И Катерина, Катерина, я не забыл. Где вы?
Их духовная близость тоже казалась сном.
Я слушал ее как завороженный, – говорил Уильям через много лет о Катерининой игре. – Никакое другое исполнение не волновало меня так сильно. Вы не можете себе представить, как чудесно она играла (вспоминая ее за клавесином, Уильям всегда имел в виду музыку других композиторов). Казалось, – говорил он, – что она вкладывает в музыку все свое существо, это эманация чистого, неоскверненного сознания. Личность и искусство соединялись в единое целое. Среди разврата неаполитанского двора она жила безгрешным ангелом, – вспоминал Уильям. А поскольку в те времена хвалить женщину можно было лишь двумя способами – называя либо ангелом, либо святой, Уильям стремился, чтобы эти слова звучали чаше и громче обыкновенного. Чтобы понять все значение моих слов, писал он, нужно знать, что это был за двор. Я никогда не встречал столь возвышенной натуры.
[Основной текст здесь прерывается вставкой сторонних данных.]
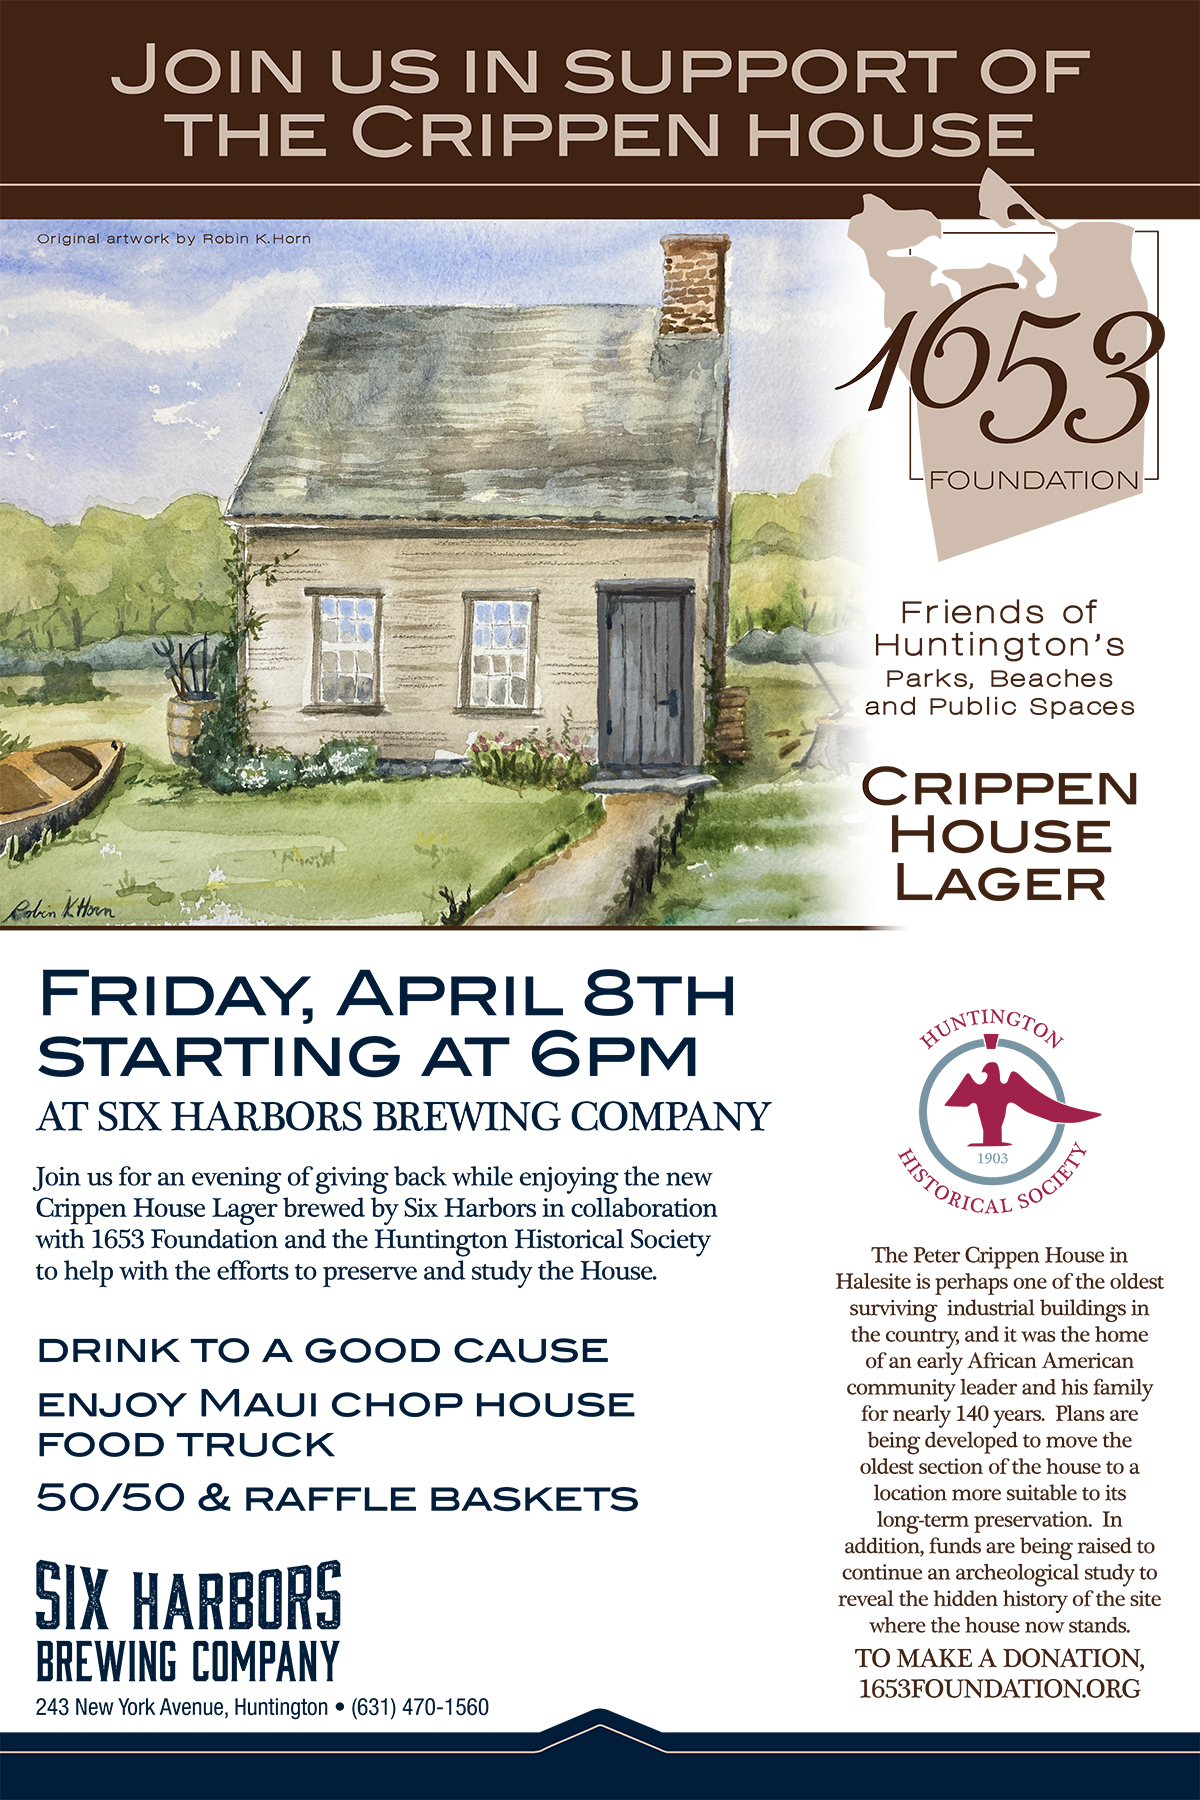 Friday, April 8th starting at 6pm AT SIX HARBORS BREWING COMPANY Join us for an evening of giving back while enjoying the new Crippen House Lager brewed by Six Harbors in collaboration with 1653 Foundation and the Huntington Historical Society to help with the efforts to preserve and study the House.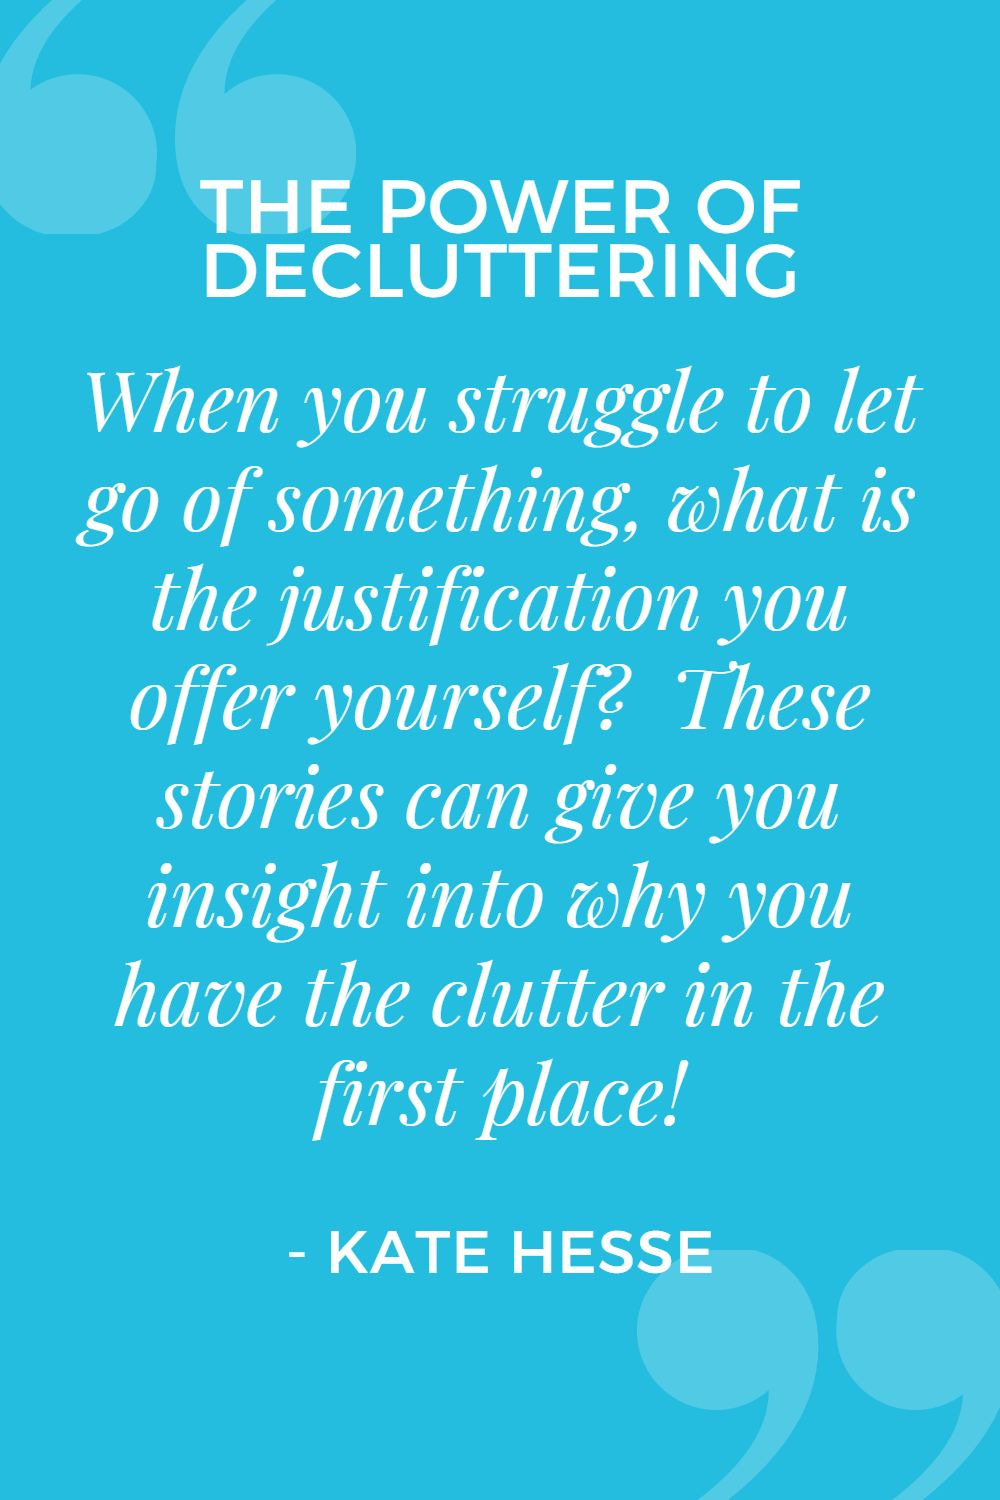 When you struggle to let go of something, what is the justification you offer yourself? These stories can give you insight into why you have the clutter in the first place!

Все время стремительного путешествия вверх по полуострову, включавшего в себя бесполезную остановку в Венеции (чтобы еще раз вздохнуть по сыну Корнаро), Уильям писал Катерине. Он делил с нею (с ней одной!) безумные фантазии, объявляя, что, будь у него достаточно силы духа – и тысячу раз безразлично, что люди сочтут его эксцентричным! – он бы забыл о своем решении ехать в Англию и немедля повернул бы назад в Неаполь. Ничто не способно дать ему того счастья, которое дали бы еще несколько месяцев в обществе Катерины: они вместе встретили бы весну, и он снова читал бы ей под их любимым утесом в Посиллипо и слушал бы ее игру.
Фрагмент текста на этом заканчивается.